Sen notes that the genetic component of the study seeks to go beyond the current commercial genetic tests that use metabolism-related variations in DNA to try to predict which mental health medications might cause more or fewer side effects in an individual.

Instead, the team will use a broader assessment of each volunteer’s genome to help predict response to treatments.

Project co-leader Lars Fritsche, Ph.D., associate research scientist in the Department of Biostatistics in the School of Public Health, is an expert in statistical genetics and will bring that knowledge to the study.

“By integrating genetics, especially pharmacogenetic and polygenic predictors, with electronic health records and behavioral data, this innovative and comprehensive approach will improve predictions for treatment responses and outcomes and ultimately advance personalized mental health care,” Fritsche said.

“Our goal is to combine information to build tools that will help providers choose the right treatment and support program for the right person at the right time,” said Amy Bohnert, Ph.D., M.H.S., co-leader of the project and a professor in the Department of Anesthesiology at the Medical School. 

“We want to help patients get to a point of recovery faster.”

Filling the gaps in mental health care

The importance of reducing time to recovery can solve fundamental problems in access to mental health services.

Currently, high demand for mental health care from U-M psychiatrists, psychologists, mental health nurse practitioners and clinical social workers means multiple weeks or even months can elapse between the time a person calls for an appointment and the day they’re seen.

In fact, the researchers say, this gap between contact and care is an especially important time to use other tools to support patients. It’s common nationwide to have such gaps because of the rise in people seeking mental health care.

Mental health smartphone apps have the potential to help fill this gap.

But while hundreds of mobile apps claim to impact mental health, there is little actual evidence showing which ones are most effective and which are most likely to work for which person.

Sen said the COMPASS team will assess mental health apps and hopes to facilitate the use of these tools to help meet the demand for mental health interventions.

He and his colleagues also envision a clinician dashboard to help providers see composite data from their patients’ smartphone apps and wearable devices in real-time. This dashboard can help monitor when patients are doing well and when their mental health may be declining, signaling that they need more immediate help.

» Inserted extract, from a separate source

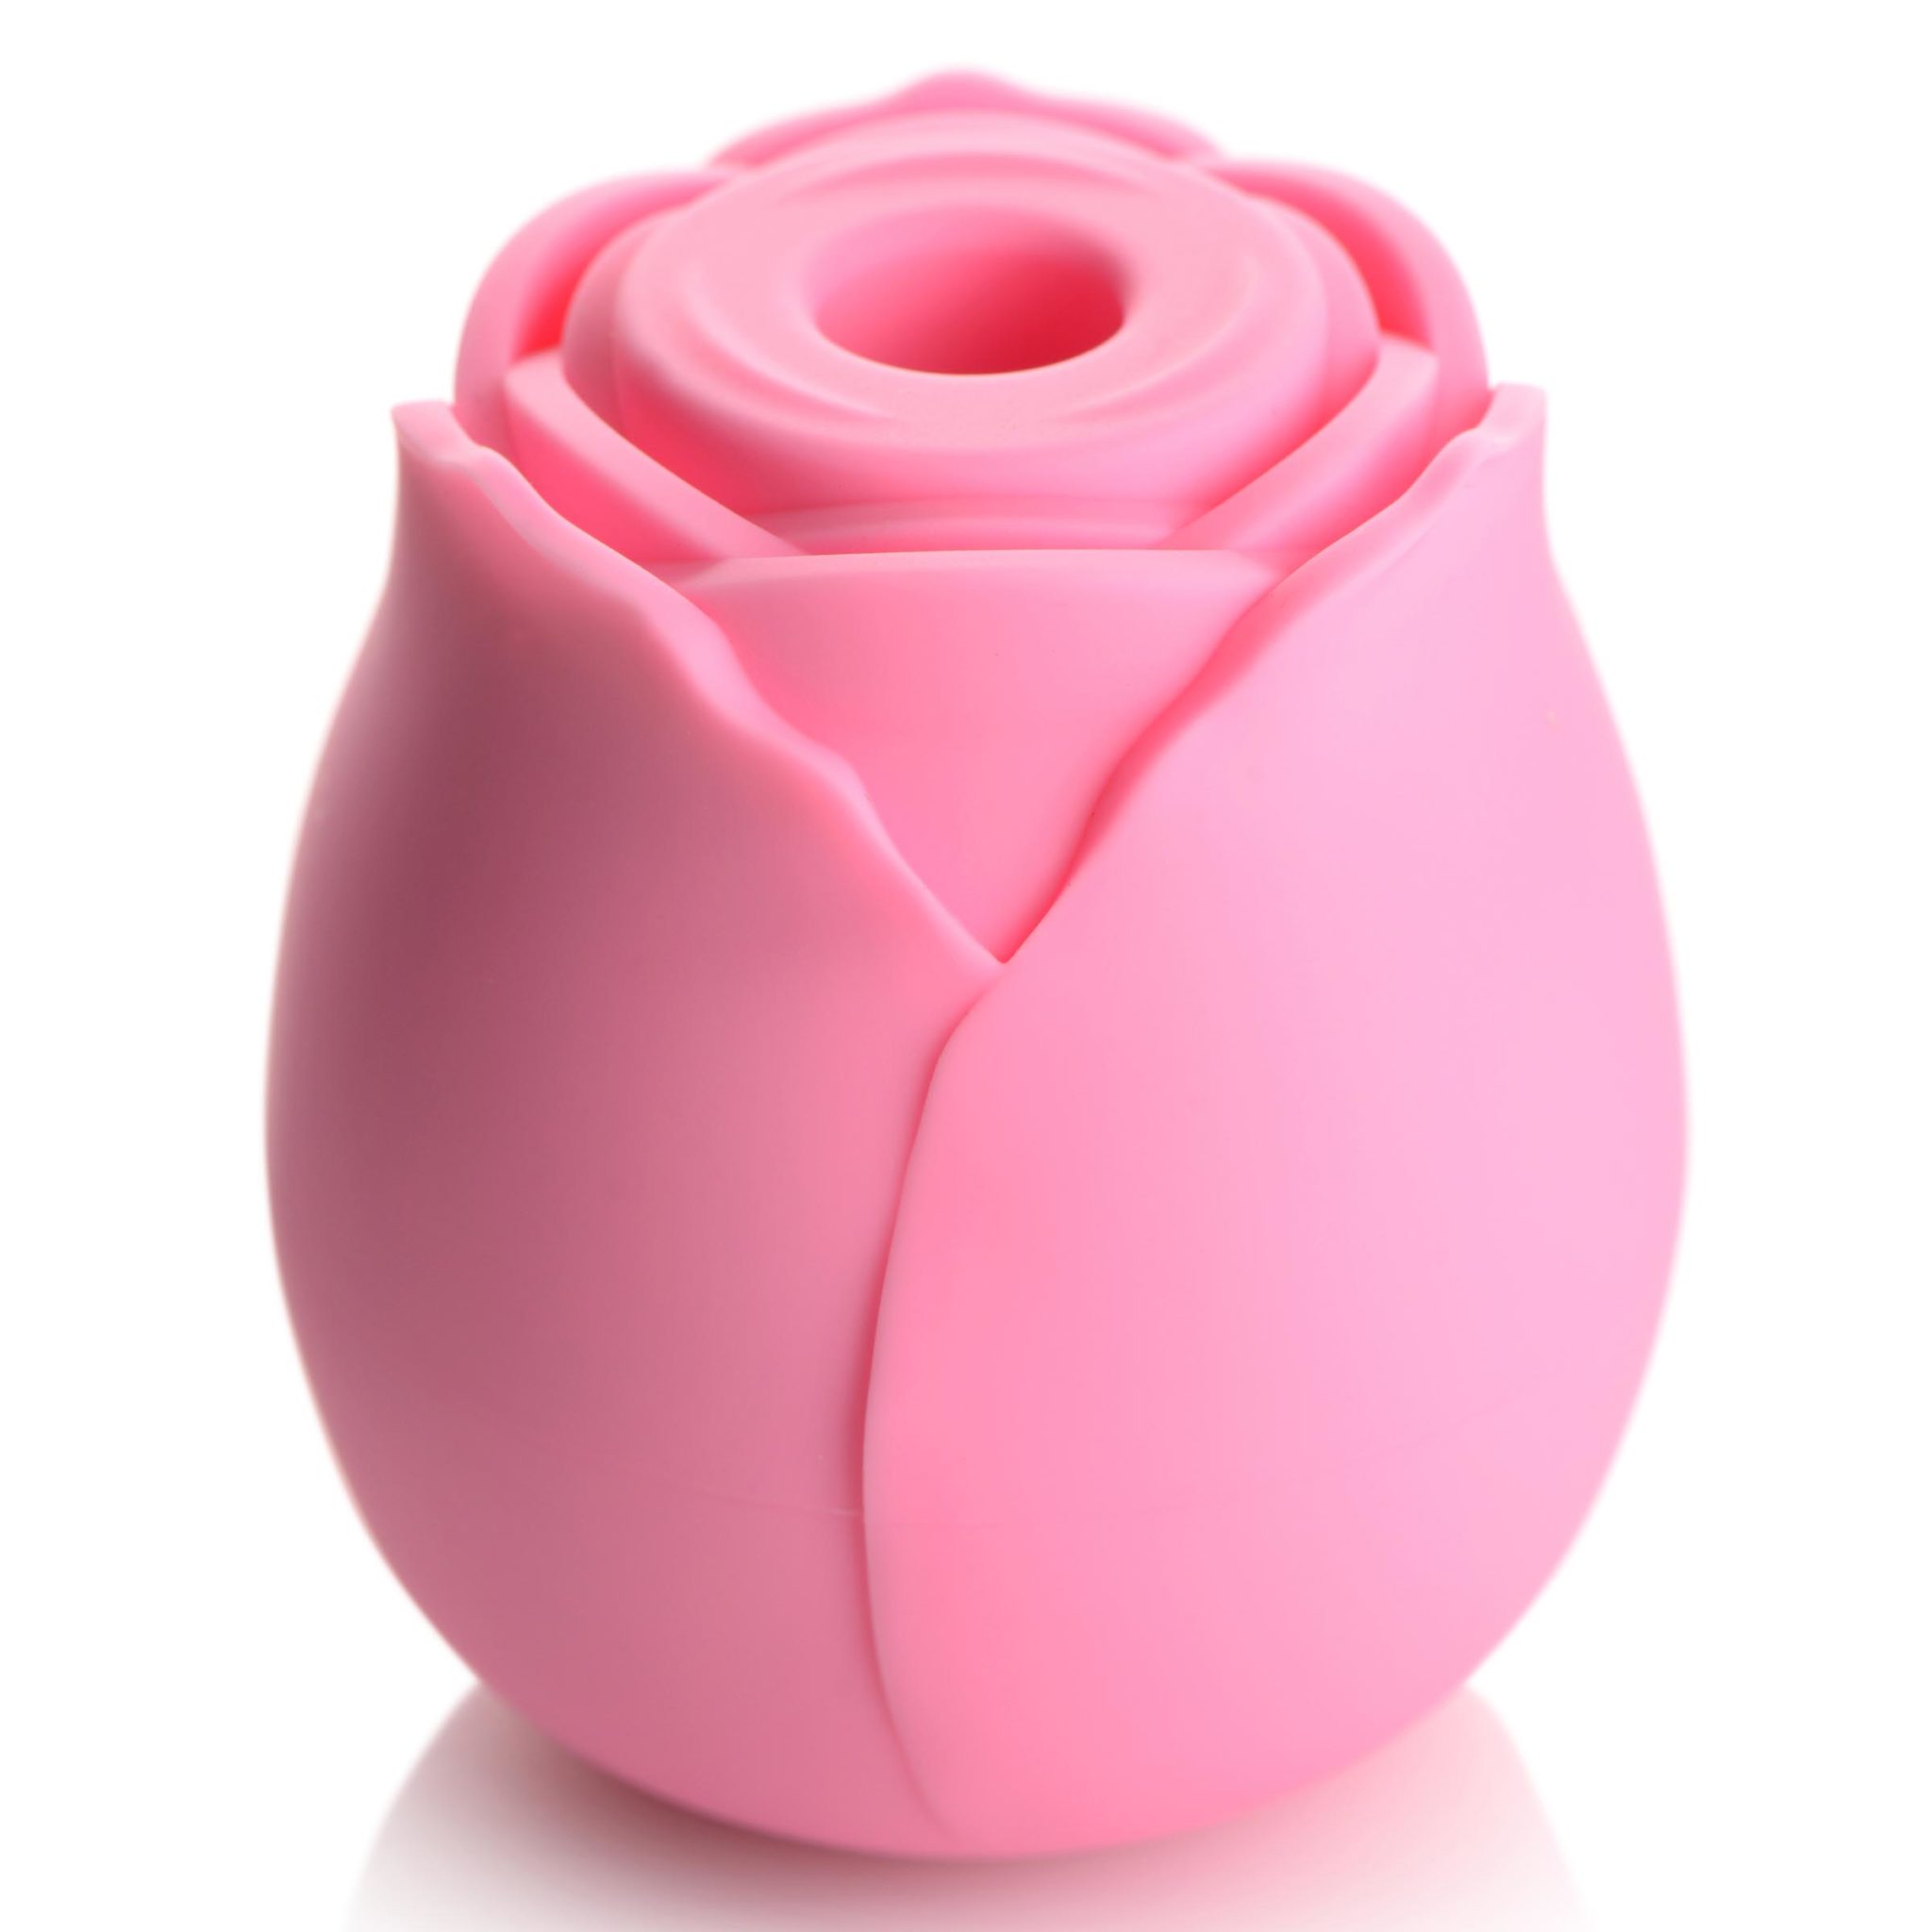 Bloomgasm Wild Rose 10X Suction Clit Stimulator – Pink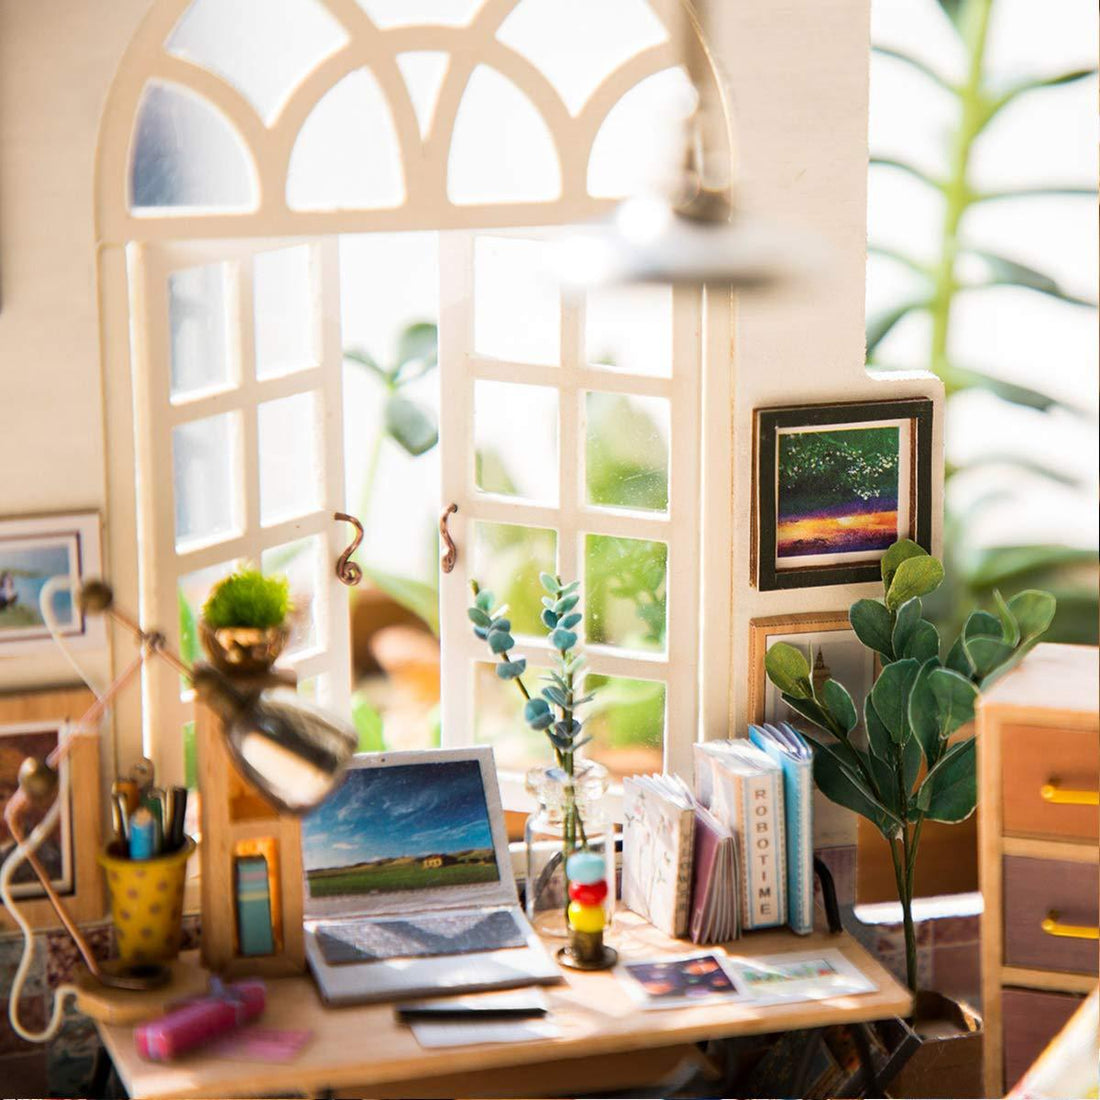 Home Office 3D Wooden Dollhouse - Kitty Hawk Kites Online Store

Such dashboards have already become helpful in the ongoing management of other chronic conditions, such as high blood pressure, diabetes and asthma.

Another goal is to help patients understand how to use their personal devices in ways that will benefit them the most, such as tracking and setting goals for sleep, exercise, natural light exposure and screen time.

The COMPASS study is supported by grant U01MH136025 from the National Institute of Mental Health.The content is solely the responsibility of the authors and does not necessarily represent the official views of the National Institutes of Health.